A highway patrol officer’s vehicle often serves as an office or even a temporary jail. “The general public has no reason to frequent the back seat of a patrol car, or to believe that it is a sanctuary for private discussion.” United States v. Clark, 22 F.3d 799, 802 (8th Cir.1994). Though this is a question of first impression in South Dakota, we note that other jurisdictions have found no legitimate expectation of privacy in a police vehicle. James G. Carr, The Law of Electronic SuRVEIllance § 3.2(b)(1) (1995); Clark, 22 F.3d at 801-02; United States v. McKinnon, 985 F.2d 525 (11th Cir.1993), cert. denied, — U.S. —, 114 S.Ct. 130,126 L.Ed.2d 94 (1993); People v. Seaton, 146 Cal.App.3d 67,194 Cal.Rptr. 33, 41-42 (1983); Brown v. State, 349 So.2d 1196 (Fla.App.1977), cert. denied, 434 U.S. 1078, 98 S.Ct. 1271, 55 L.Ed.2d 785 (1978); State v. Hussey, 469 So.2d 346, 350-51 (La.App.1985); People v. Marland, 135 Mich.App. 297, 355 N.W.2d 378, 383-84 (1984); State v. Lucero, 96 N.M. 126, 628 P.2d 696 (App.1981); K.F. v. State, 797 P.2d 1006 (Okla.Crim.1990); State v. Wischnofske, 129 Or.App. 231, 878 P.2d 1130 (1994).

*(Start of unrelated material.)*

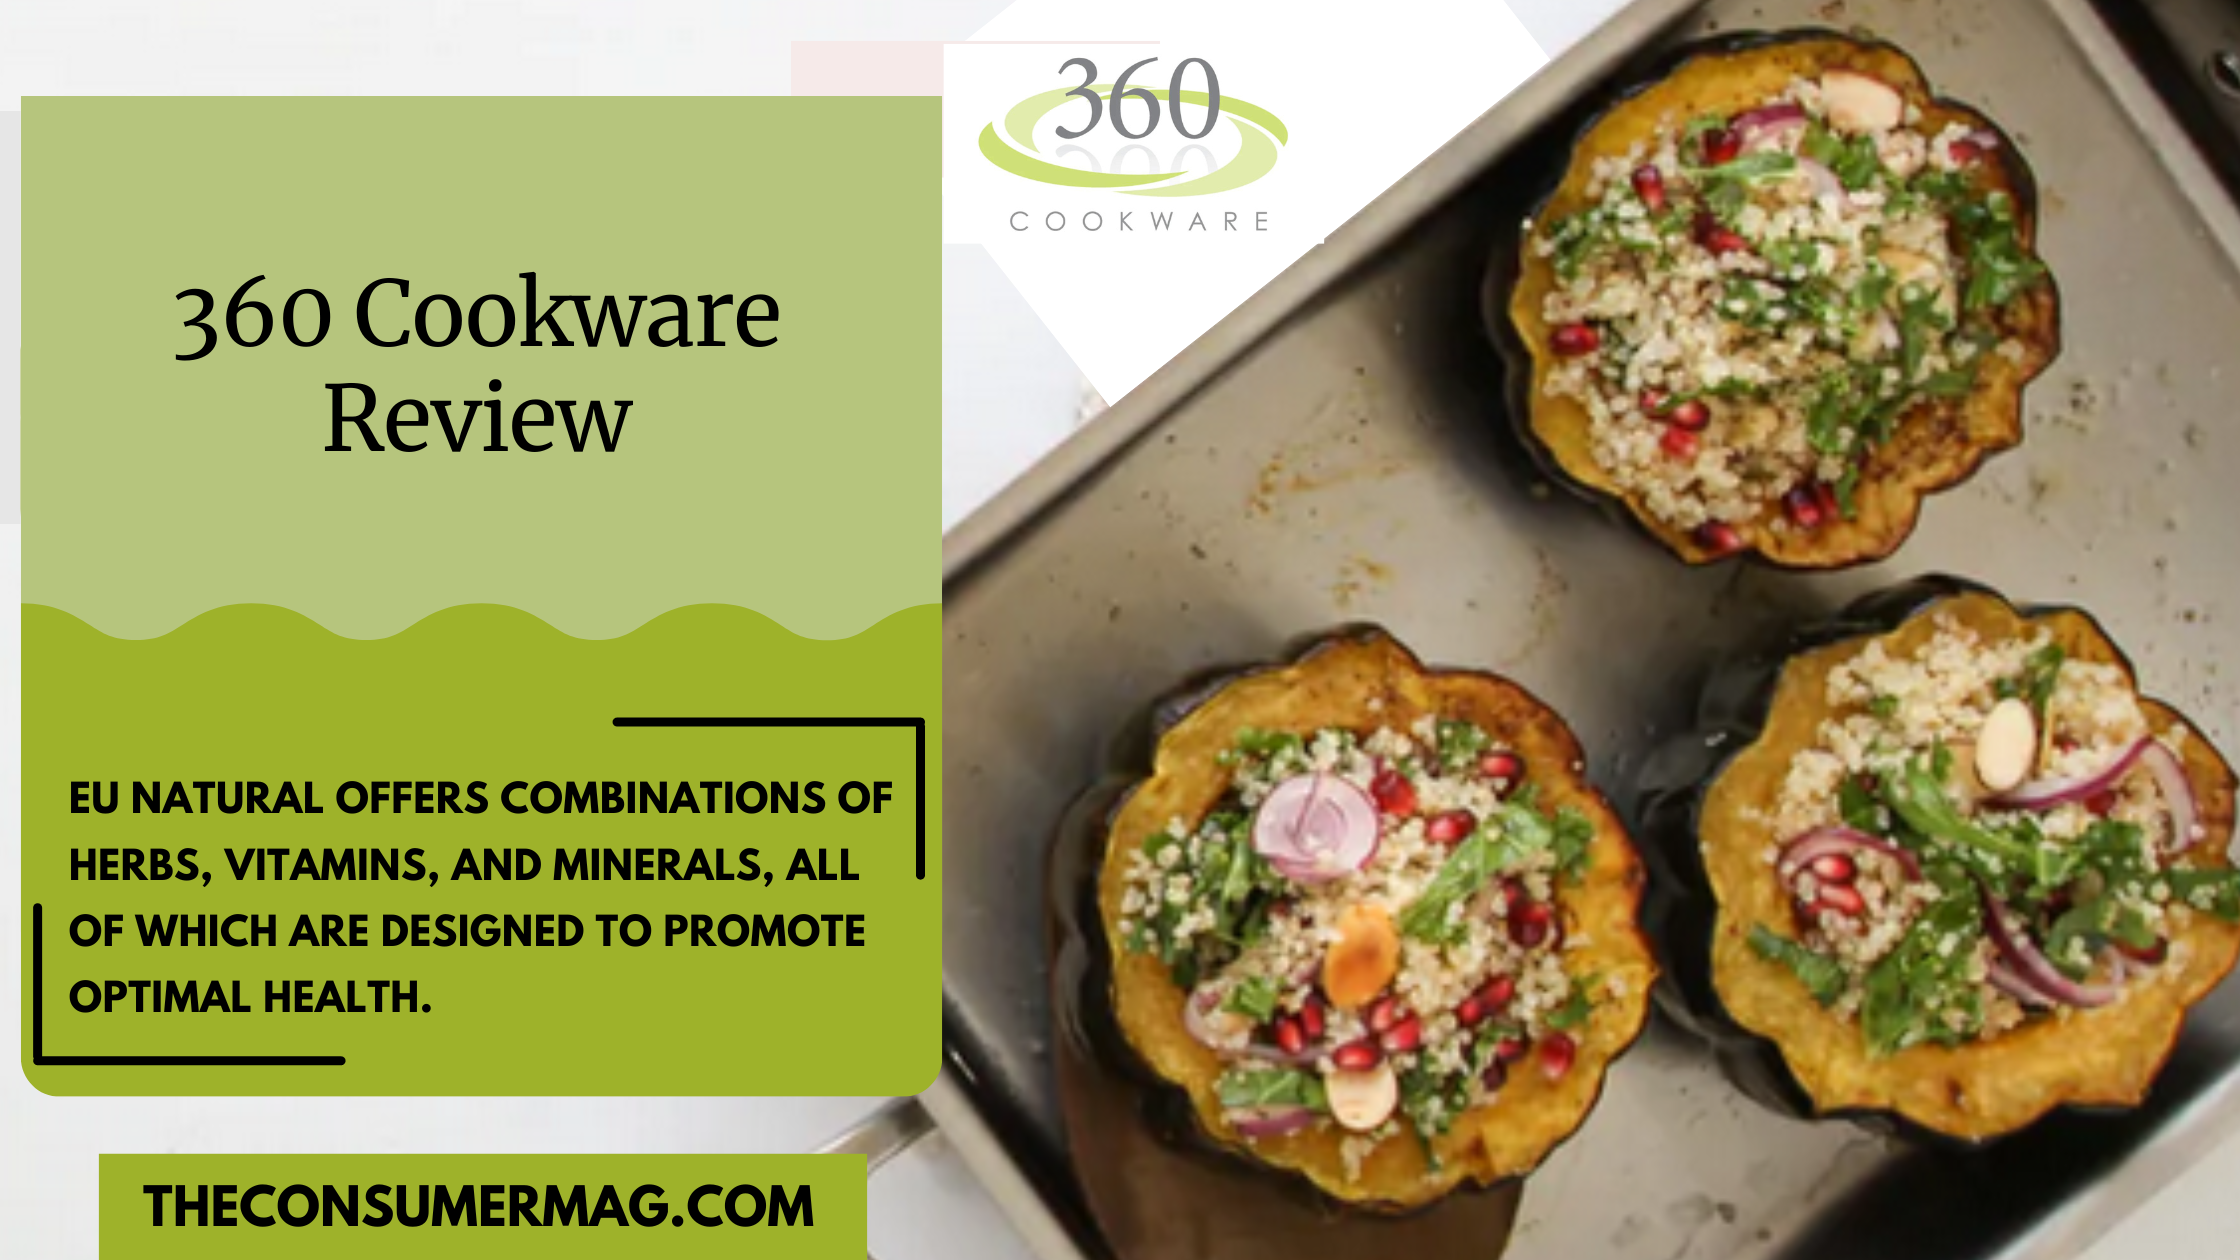 360 Cookware featured image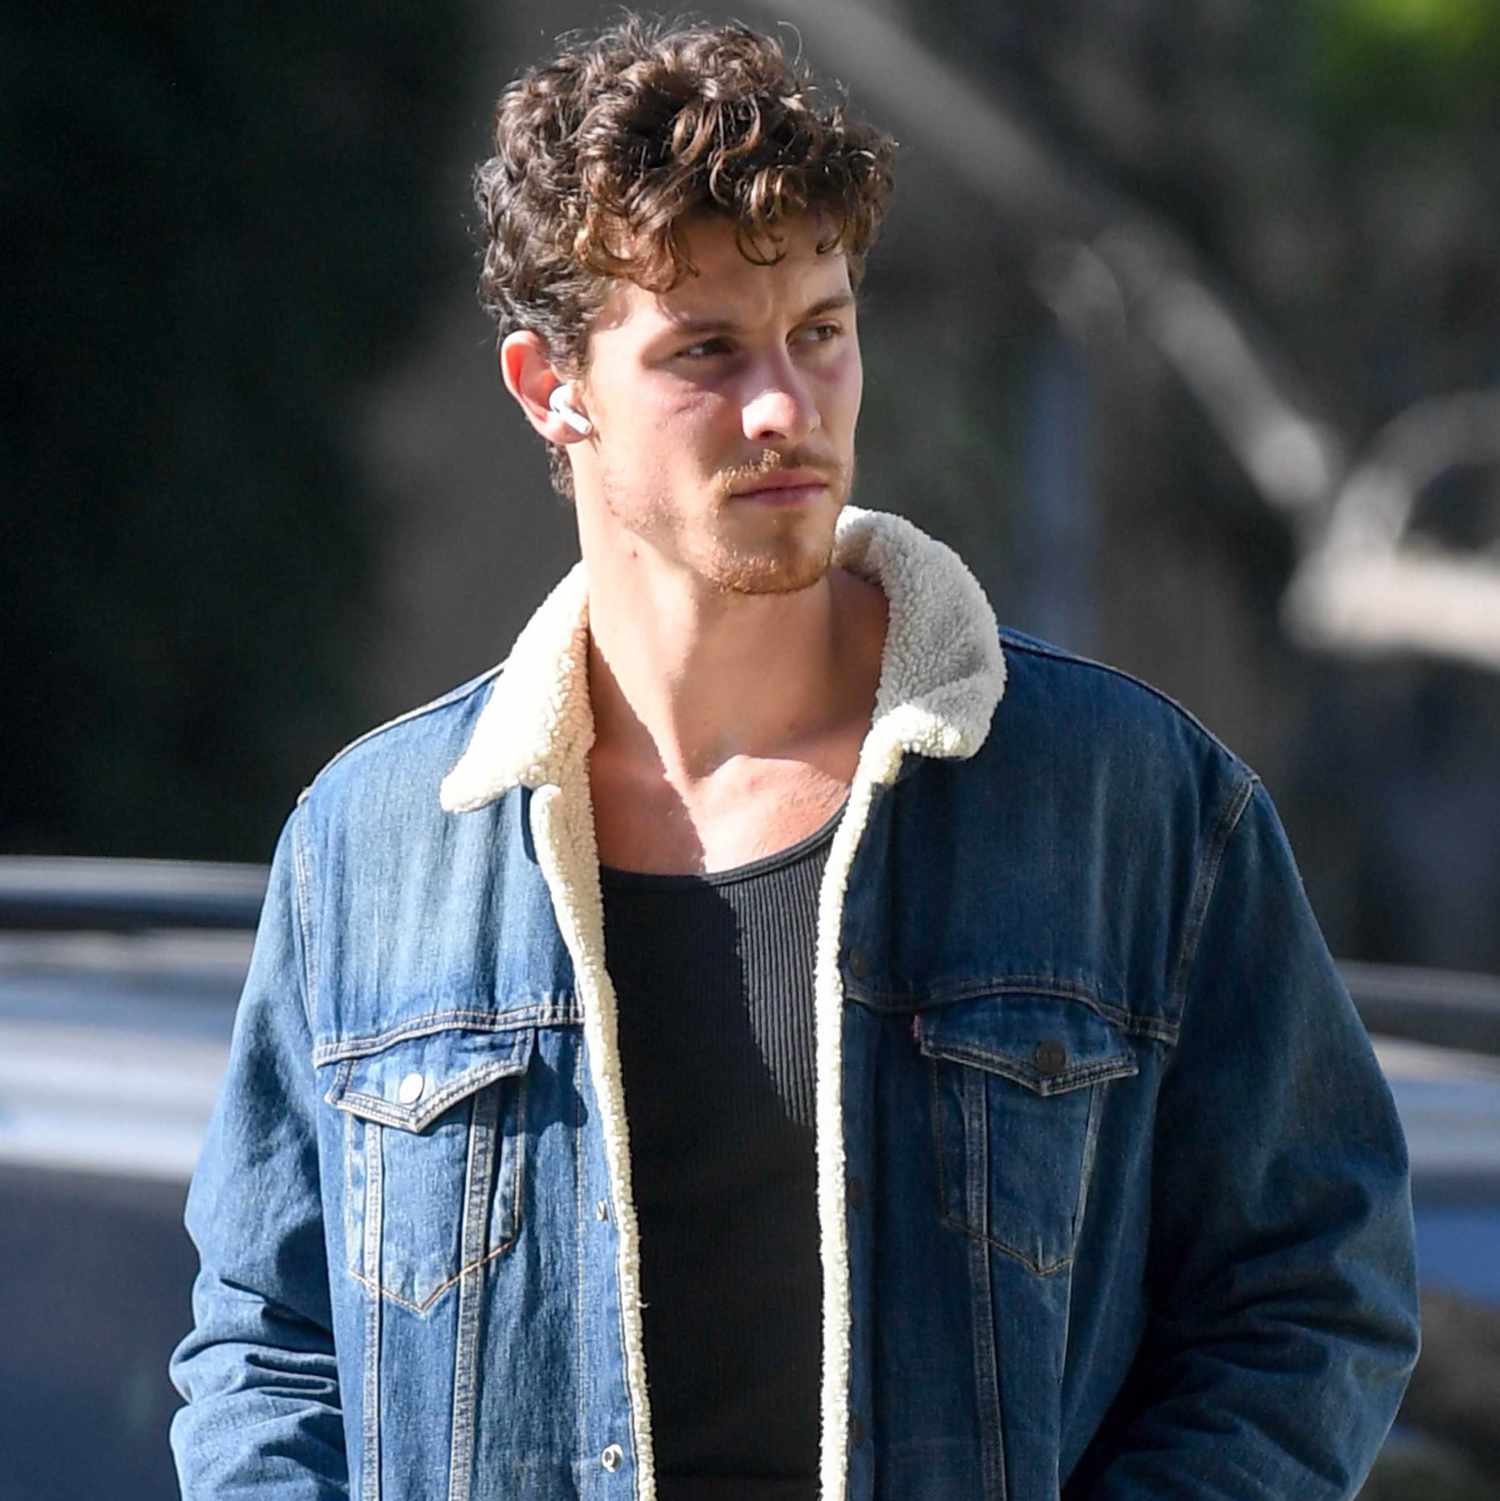 Shawn Mendes is spotted out for a stroll in Los Angeles. The Canadian singer wore a shearling lined denim jacket, black t-shirt, linen trousers, and Ugg slippers.

While secretly tape recording personal conversations in a police car may offend individual sensibilities, we nonetheless hold that Ramirez had no objective reason to expect that his conversation with Hartfield while both were in custody in the back of the patrol car would be afforded any reasonable expectation of privacy. The taped statements, therefore, are admissible as evidence. State v. Smith, 641 So.2d 849, 851-52 (Fla.1994).
Affirmed.
MILLER, C.J., and AMUNDSON and GILBERTSON, JJ., concur. SABERS, J., dissents.. "It is a petty offense for any person to drive any vehicle upon a highway with any object or gadget dangling between the view of the driver and the windshield of the vehicle.”
. Ramirez does not allege his taped statement was somehow coerced from him. See State v. Kaiser, 504 N.W.2d 96 (S.D.1993).